There are 3-value relationships now (rhead->h_len <= rhead->h_size <=
unique allocated buffer size [which is the same as rhead->h_size of
initial tail log record]).

The only buffer overrun case which could do harm runtimely is
rhead->h_len > bufsize as I mentioned in the previous email
https://lore.kernel.org/r/20200902224726.GB4671@xiangao.remote.csb

so I guess what you meant is

 - get h_size from the tail initial log record as buffer size (so
   workaround needs to be settled here as well);
 - call in xlog_valid_rec_header() to fail out rhead->h_len >
   buffer size.

as the 1st splited patch. Yet that's not the case of Item #2
(rhead->h_size <= buffer size), just to confirm if my understanding
is correct.

> 
> Item #1 is a bit more nebulous. h_size refers to the iclog size used by
> the kernel that wrote to the log. I think it should be uniform across
> all records and AFAICT it doesn't serve a functional purpose (validation
> notwithstanding) for recovery beyond establishing the size of the buffer
> we should allocate to process records. The mkfs workaround implements a
> case where we have to ignore the on-disk h_size and use the in-core
> iclog size, and that is currently isolated to a single place. I'm not
> fundamentally against more h_size verification beyond current usage, but
> if that means we have to consider the workaround for multiple records
> (which is confusing and incorrect) or make subtle runtime changes like
> quietly tweaking the in-core record header structure from what is on
> disk, then I don't think it's worth the complexity.
> 
> If we _really_ wanted to include such a change, I think a more
> appropriate validation check might be to similarly track the h_size from
> the initial record and simply verify that the values are uniform across
> all processed records. That way we don't conflict or impose the
> workaround logic on the underlying log format rules. It also catches the
> (unlikely) case that the mkfs workaround is applied on the first record
> incorrectly because h_size is corrupt and there are more records that
> conflict. Also note that v5 filesystems enforce record CRC checks
> anyways, so this still might be of limited value...

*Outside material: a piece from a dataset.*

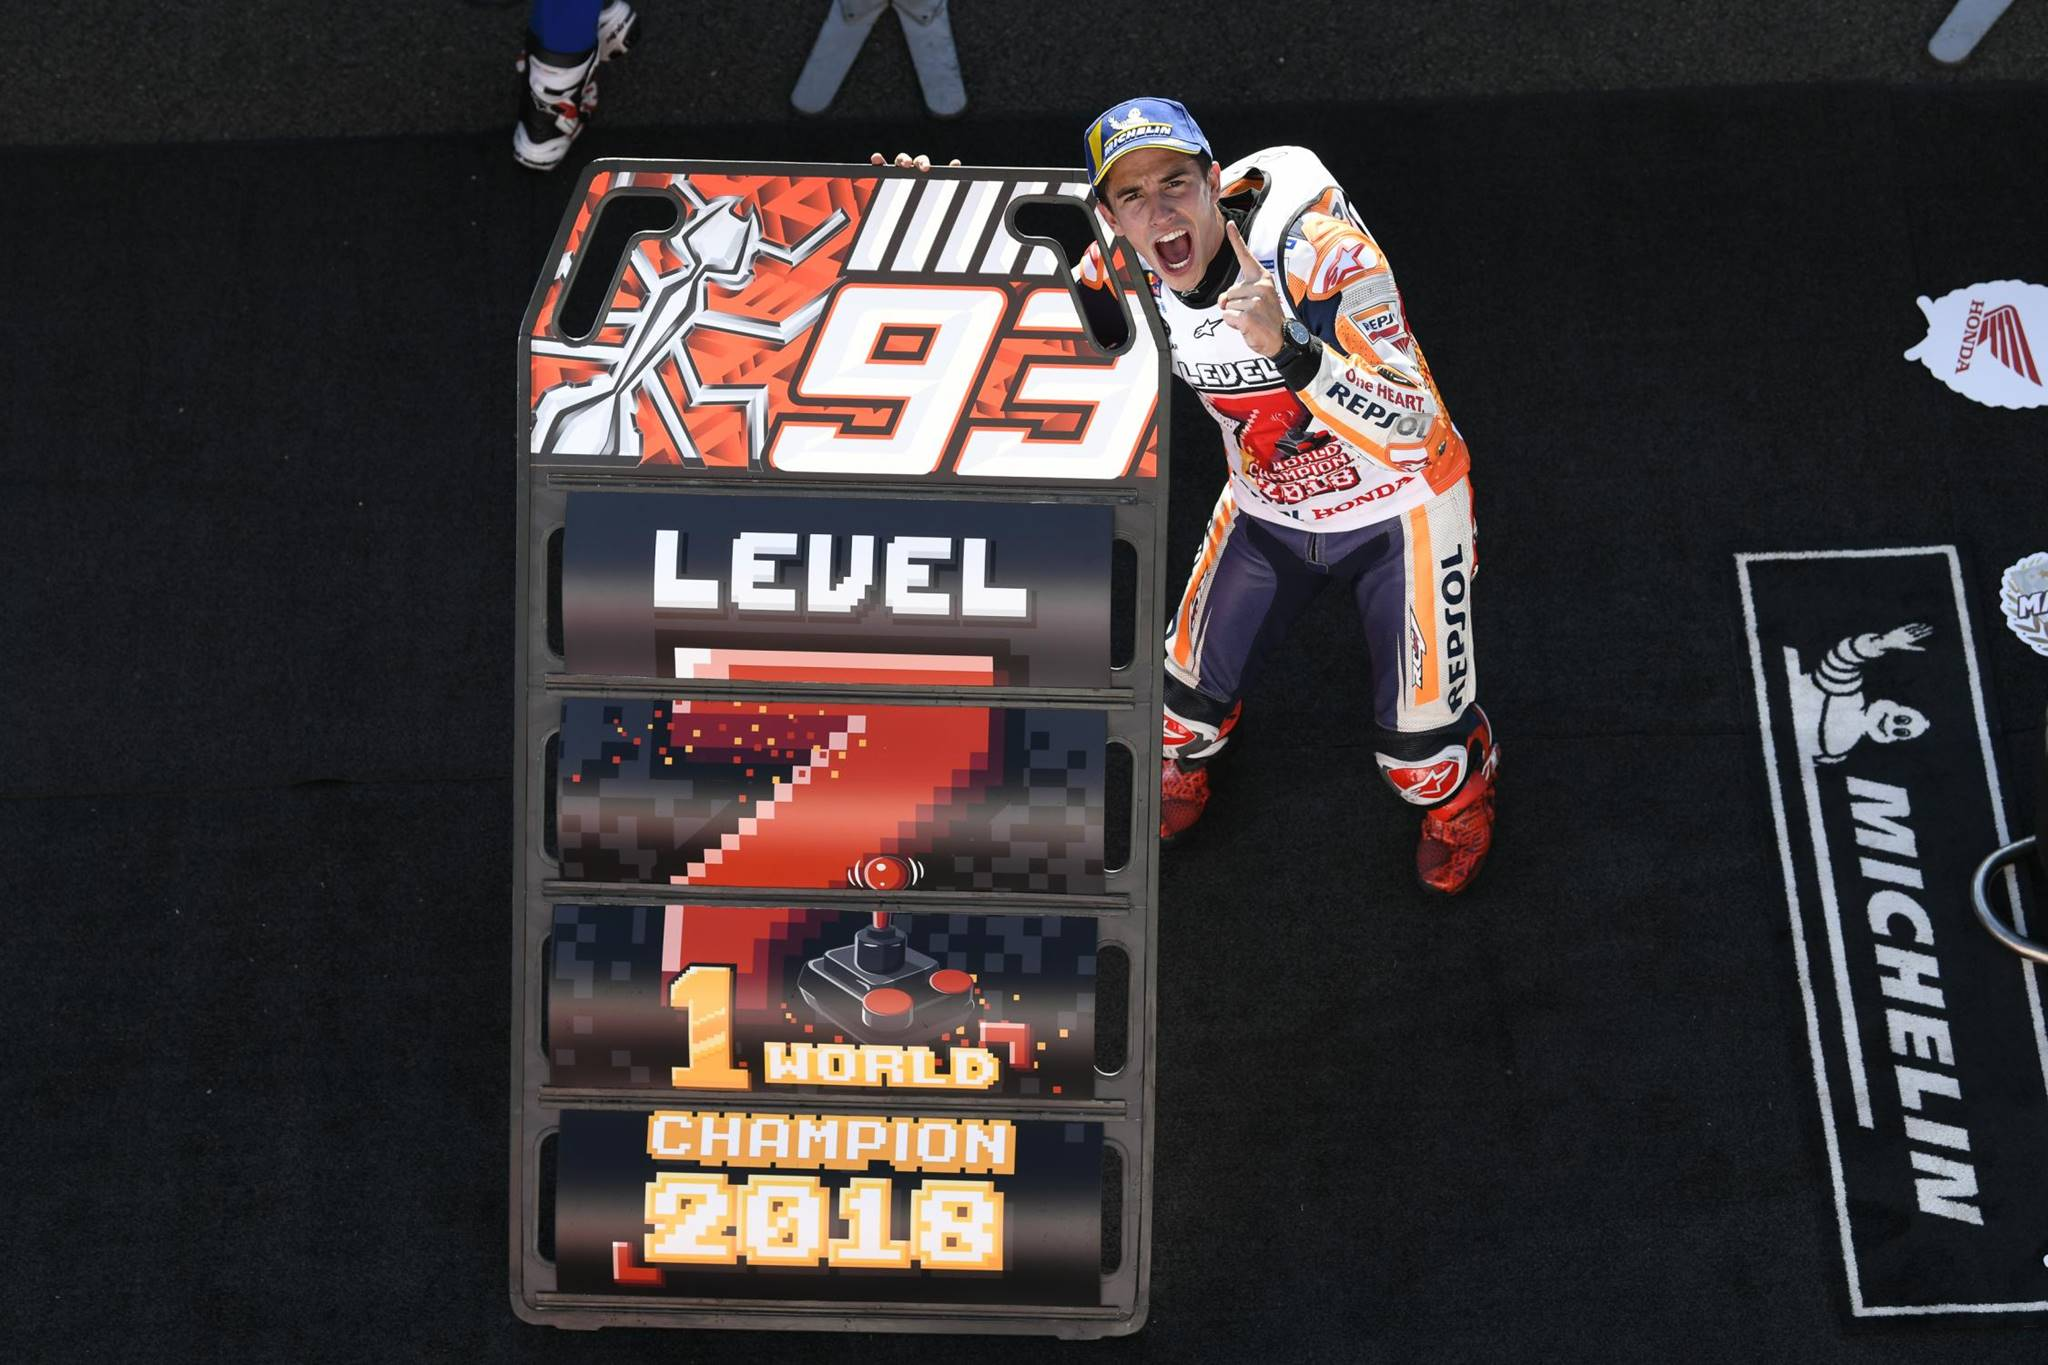 MotoGP_2018_JapaneseGP_Xe_Tinhte_023.jpg

based on the words above, my understanding is that the 2nd spilted
patch is used to do such extra check in xlog_valid_rec_header() to

check buffer size == rhead->h_size all the time?

so the relationship would be rhead->h_len <= buffer size = rhead->h_size.

please correct me if I'm wrong since I'm a bit confusing about some
English expressions. Yeah, if my understanding is correct, I'd like
to hear if this 2nd spilted check patch is needed (it won't
cause any stability impact since rhead->h_size for log records
other than tail record isn't useful due to the current logic...)

Thanks,
Gao Xiang

> 
> Brian
> 
> > > Also, please test the workaround case to make sure it still works as
> > > expected (if you haven't already).
> > 
> > ok, will double confirm this, thanks!
> > 
> > Thanks,
> > Gao Xiang
> > 
> > > 
> > > Brian
> > >
> >  
> > 
>